Their lives must be very interesting lived processes.
hey there Lucas
I saw Rabbit Proof Fence a while ago when it came out on the screens. It was a re-enactment in another kind of way for me – it reminded me (no, that’s not quite right – it stimulated my memory ie: i was an active participant because iwas doing the re-membering)…what was i saying? oh yes, it reminded (sic) me of our school days in Port Hedland, and It suddenly shook me just how poorly our aboriginal classmates treated. Not explicitly, nothing particularly solid that i can remember (or perhaps i’m not working hard enough at remembering), but an implicit aura of domination, and yeah, i guess of conquest. And somehow, I felt an enormous amount of guilt, as if i was a perpetrator… but perhaps a perpectuator. i cried so hard i had to leave the theatre to compose myself. oops. i gotta be somewhere. would love to trail this off into a sermon on the reinforcing effects of stress/trauma on memory at the neural level, but gotta go. just been reading an epic non-fiction account of research into the mechanisms of memory – fits snugly into my current thoughts about the work i’m doing… but yep, likes i says, gotta go.
ChristopherXXX
[I found the following email from Chris Cruickshank to myself from some time ago (26 Feb 2002) where he wrote to me about the film Rabbit Proof Fence.
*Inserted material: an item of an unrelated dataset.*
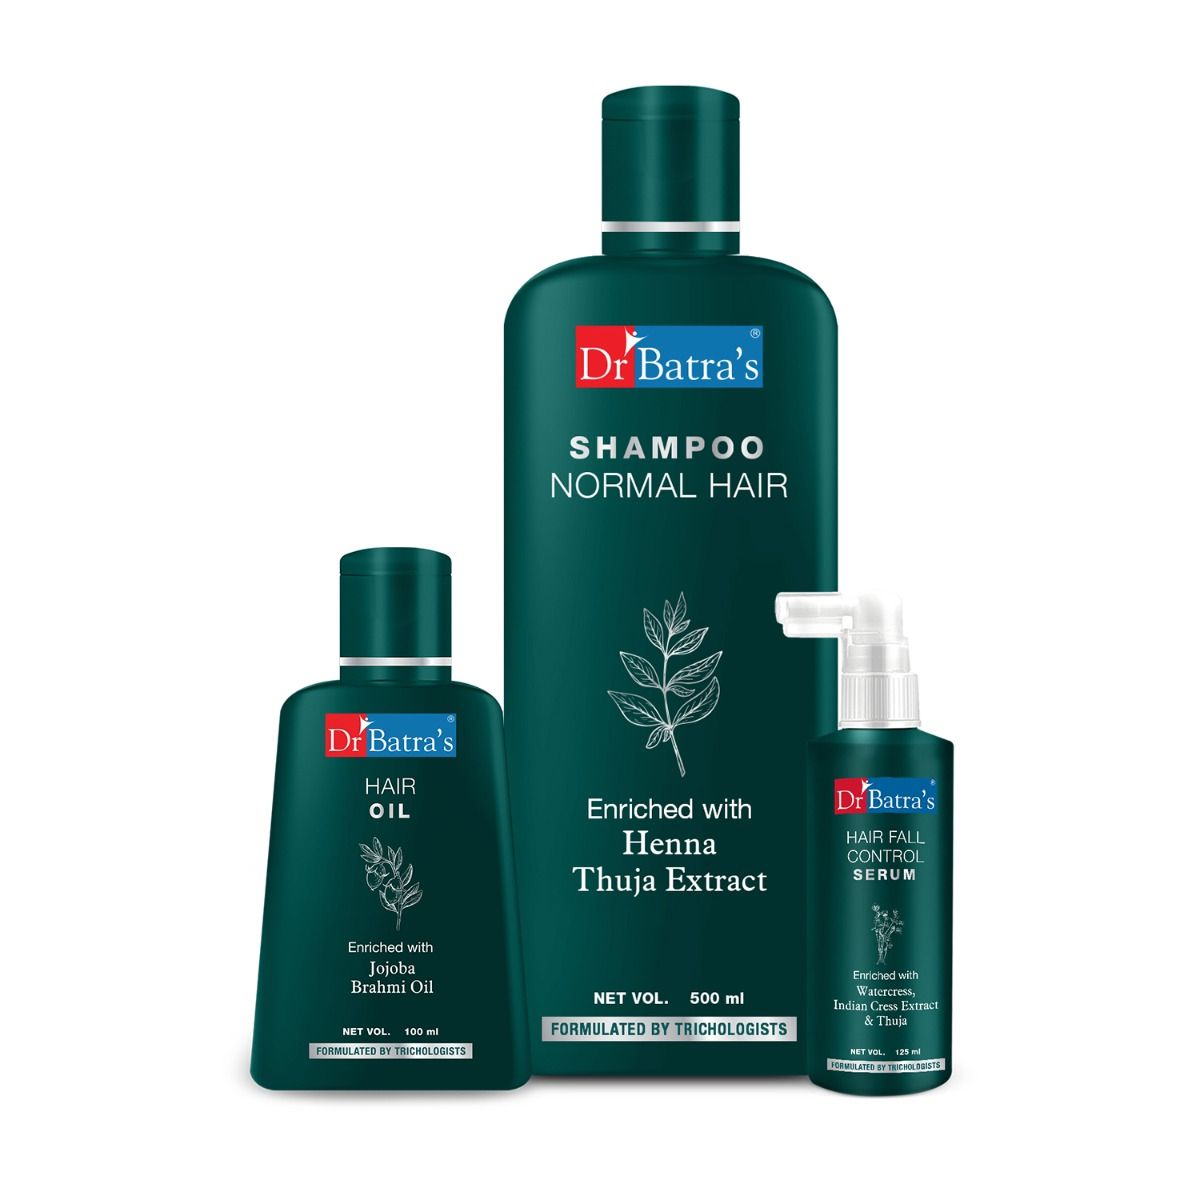     			Dr Batra's Hair Fall Control Serum125 Ml, Normal Shampoo 500 Ml And Hair Oil 100 Ml (Pack Of 3)

Chris and I went to school together between 1981 and 1986 in Port Hedland, in the North West of Western Australia:]-Lucas
………….
Hey Luco,
saw Rabbit-Proof Fence with Mick on sunday night. Well made, but not without its faults. but whoa what an impact. never been so disturbed by a film.
scenes of the missionary school reminded me so much St Cecelia’s (Port Hedland Catholic primary school). I can’t believe how badly our aboriginal school mates got treated (and how badly i treated them as well). regardless of how subtle it was, we pretended it was unintended but did we really treat the aboriginal kids like equals? didn’t
we avoid the older aborigines at the shops and around town? i remember being(perhaps not explicitly) discouraged from associating with “them”. it’s coming back now, those memories and it feels like racism. i can feel it like
a heavy, hot guilt in my stomach, a dull ache that won’t go away. god, lucas, our head of state is directly descended from the perpetrators, and
current LEADER of the institution that fucked them over (maybe beyond retrieval – we’ll see in the next 20 years). isn’t that just obscene? how
can we possibly be proud to be australian. fucking ashamed. but it’s got me thinking even further back (for me)… what am i? physically? anglo-indian: a mixed race, pre-meditated by the English, set up for commercial (read as
‘exploitative’) gain, to promote efficient communication as go-betweens for the yobbo poms sent to india by their families, who had become embarrassed by their drunken womanising leachery and sent them to the colonies to be reformed or at least out of view. these lazy poms (by order of his/her majesty) fucked a race into existence and got them to do their work and boss around (colonial-style) the full-indian shit-kicking labourers. and every cell in my body is tainted by that. it’s in my DNA and in my name, and
I can’t get rid of it. i was always confused by my dad’s paradoxical dislike of England, while his attitudes and values mimicked the english aristocracy. and his parents were even more consumed by the english facade. But i am as
well. I know that people sometimes think i am aboriginal when they see me walk down the street. or double-take and think , nah, those clothes are too nice, he must be a migrant. i often get stopped in northbridge (Perth) by young aboriginal kids calling me brother and asking for a cigarette or some money. i’ve been mistaken for one of them by plenty of them before, and every time i get a sharp pang of guilt to deny it, even though i’m telling the truth. it’s very confusing. but as it stands, i associate more with white australia than with indians, angLOINdians, or aborigines (of their various shades). white australia. white australia white australia white australia white australia. jesus, what an embarrassment.
do you remember one of the St Cecelia sisters teaching us to say how now brown cow? they were on a mission to save the savages from themselves -and that’s the environment in which we grew up and were educated. was it really that bad?